There was something unusual in such decisions. These were more than plans for an immediate election. Fundamentally they were bets on a new India, one to which the BJP needed to respond: to a changing demography, a younger country, driven by opportunity and ambition rather than sullen victimhood.
At50, Shah is the youngest president in the BJP’s history. He is also among the youngest presidents of a major political party, national or regional. Gerontocracy was not always the hallmark of Indian public life. Jawaharlal Nehru became president of the Indian National Congress at 40, and Subhas Bose at 41. Rajiv Gandhi was prime minster at 40. Yet, these are remote or outlier examples. In recent years, grey hair has dominated India’s politics. Consider the contemporary Congress. Its vice-president is in his mid-40s, not much younger than Shah, and is still regarded as an “emerging” and “youth” figure.
That Shah was chosen as president of the BJP at 50 was not merely recognition of his aptitude as a political manager and the success with which he ran the campaign in UP, delivering 73 of 80 seats. It was not even because of his proximity to Modi. Shah’s arrival in the proverbial corner office at 11 Ashoka Road, the BJP’s national headquarters in Delhi, represented a process so rare in India, in business corporations and political parties alike: a succession plan.
In the course of 2014, the BJP quietly pensioned off its founding generation, the 75 and 80-somethings. Modi, Rajnath Singh, Arun Jaitley and Sushma Swaraj – the core of the Union cabinet – are in their early 60s. They’re good for the next decade and will lead the party in the 2019 election.

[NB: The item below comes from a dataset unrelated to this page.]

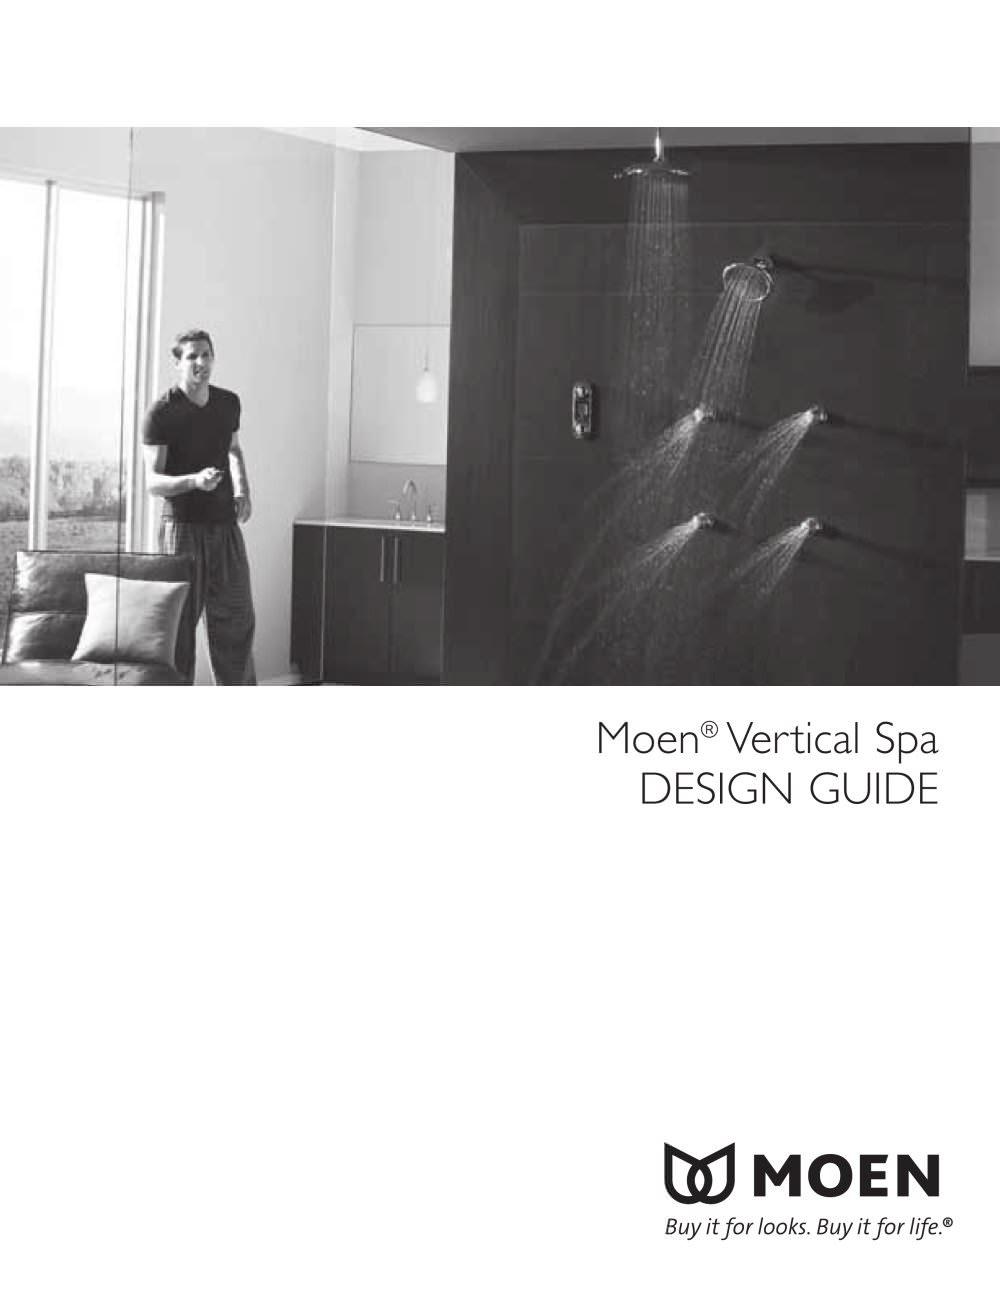 Moen Vertical Spa Design Guide Moen Pdf Catalogs

With luck, they could win a second term.
What of 2024? A new generation — BJP 3.0 — will need to be battle-ready by then. In the coming decade, a new corps of party functionaries and managers, state-level leaders and national faces, younger politicians in their mid-30s and early 40s, will need to be found, groomed and promoted. By anointing a 50-year-old as its president and giving him this job of talent spotting and nurturing, the BJP has indicated it is aware of its responsibility.
The sterling work LK Advani did in the late 1980s and early 1990s, when he mentored a whole generation of BJP leaders — the ones who’re running the government today — has now been institutionalised by Modi. In a sense, Shah is its institutional face. If one interprets Shah’s mandate, and Modi’s resolve, in these terms — rather than just as a matter of a few state elections here and there — one gets an indication of the shift in the BJP. Encapsulated in the stories of those two men from Gujarat, that is the true political phenomenon of 2014.